At just that point of confused frustration, I stumbled across an extraordinary resource: Baghdad Burning, Girl Blog from Iraq and Baghdad Burning II. The author, whose pseudonym is Riverbend, was a young computer programmer in Iraq when the war started. First trapped in her house by the bombings and fighting, then barred from working because of the deteriorating situation of women, she turned to blogging about her everyday life, events in Iraq, and the international situation. These first-person accounts are extraordinarily well-written and compelling (Baghdad Burning won the 2005 Lettre Ulysses Award for the Art of Literary Reportage). As an example, here’s an excerpt from one of her first blogs, Aug. 21, 2003:
My New Talent
Suffering from a bout of insomnia last night, I found myself in front of the television, channel-surfing. I was looking for the usual—an interesting interview with one of the council, some fresh news, a miracle. . . . Promptly at 2 a.m., the electricity went off and I was plunged into the pitch black hell better-known as “an August night with no electricity in Iraq.” So I sat there, in the dark, trying to remember where I had left the candle and matches. After 5 minutes of chagrined meditation, I decided I would ‘feel’ my way up the stairs and out onto the roof. Step by hesitant step, I stumbled out into the corridor and up the stairs, stubbing a toe on the last step (which wasn’t supposed to be there).(For those of you who don’t know, people sleep up on the roof in some of the safer areas because when the electricity goes off, the houses get so hot, it feels like you are cooking gently inside of an oven. The roof isn’t much better, but at least there’s a semblance of wind.)

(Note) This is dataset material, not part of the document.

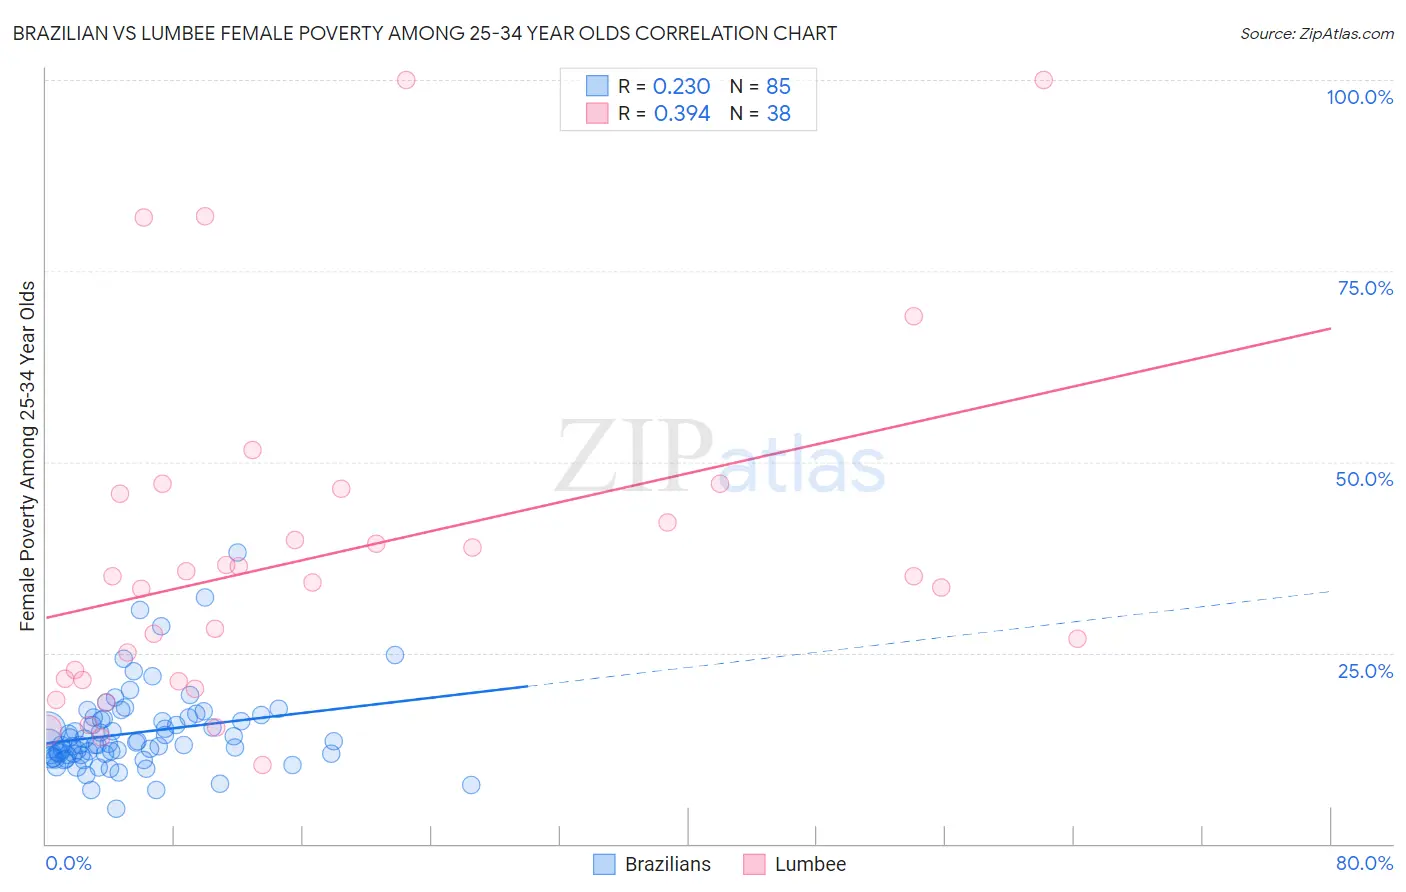 Brazilian vs Lumbee Female Poverty Among 25-34 Year Olds

A few moments later, my younger brother (we’ll call him E.) joined me—disheveled, disgruntled, and half-asleep. We stood leaning on the low wall enclosing the roof watching the street below. I could see the tip of Abu Maan’s cigarette glowing in the yard next door. I pointed to it with the words, “Abu Maan can’t sleep either.” E. grunted with the words, “It’s probably Maan.” I stood staring at him like he was half-wild—or maybe talking in his sleep. Maan is only 13—how is he smoking? How can he be smoking?
“He’s only 13,” I stated.
“Is anyone only 13 anymore?” he asked.
I mulled the reality of this remark over. No, no one is 13 anymore. No one is 24 anymore. Everyone is 85 and I think I might be 105. I was too tired to speak and, in spite of his open eyes, I suspected E. was asleep. The silence was shattered a few moments later by the sound of bullets in the distance. It was just loud enough to get your attention, but too far away to be the source of any real anxiety. I tried to determine where they were coming from.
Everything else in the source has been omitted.